Campus & Community

A week of awareness about Islam

2 min read
Laura
Muslims gather in Lowell Lecture Hall to pray together. Laura Cohon (right) waits for the prayer to begin. (Staff photo by Kris Snibbe)

At the Harvard Islamic Society’s (HIS’s) weekly prayer service in Lowell Lecture Hall Friday (March 15), nearly 50 members of the University’s Muslim community gathered, as they do most weeks. As the Muslims bowed and prayed, sitting stocking-footed on carpets aligned toward Mecca, a dozen others watched from the seats of Lowell, one even filming the service on a videocamera.

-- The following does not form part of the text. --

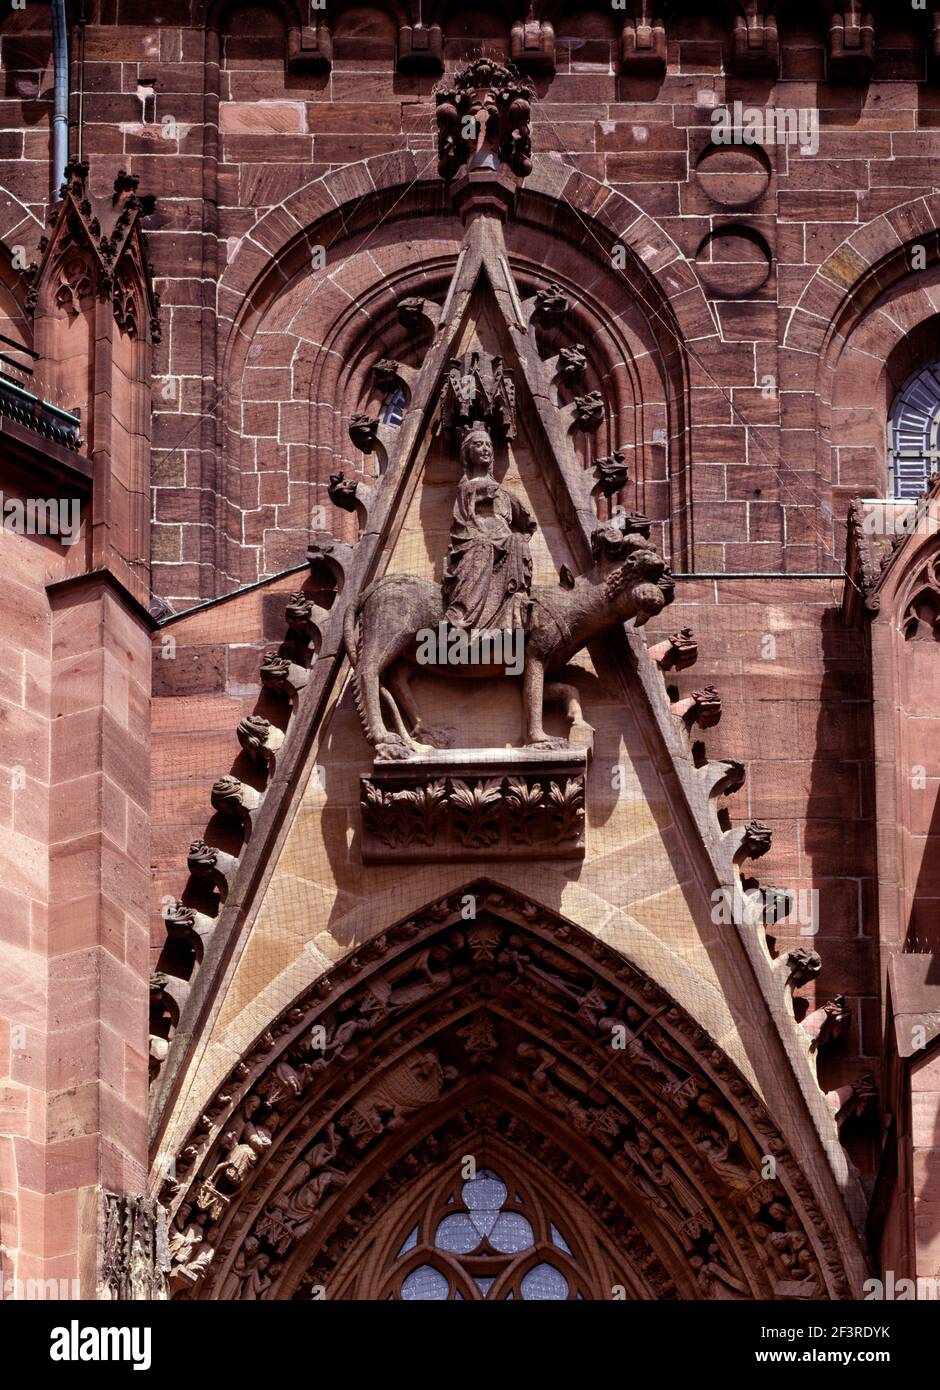 Wimperge am S¸dportal. Marienfigur um 1300., Worms, Dom St. Peter Stock Photo

The onlookers attended the weekly service as part of HIS’s Islamic Awareness Week. The annual event, which this year included several lectures and a banquet with Moroccan music and Middle Eastern and South Asian food, took on new significance in the wake of Sept. 11.

“There are so many preconceptions and misconceptions about Islam,” said Saif Shah Mohammed ’02, HIS president. Since Sept. 11, he said, “the trouble with a lot of these misconceptions and the fact that they exist is coming to the fore.”

Originally scheduled for November, Islamic Awareness Week coincided with the six-month anniversary of the attacks in New York, Washington, and Pennsylvania. Although the scheduling was entirely accidental, said Mohammed, the coincidence was welcome.

“It’s a reminder that a continuous exchange of points of view, of perspectives, of backgrounds, of ideas needs to take place,” he said. “It’s not something that was relevant just then.”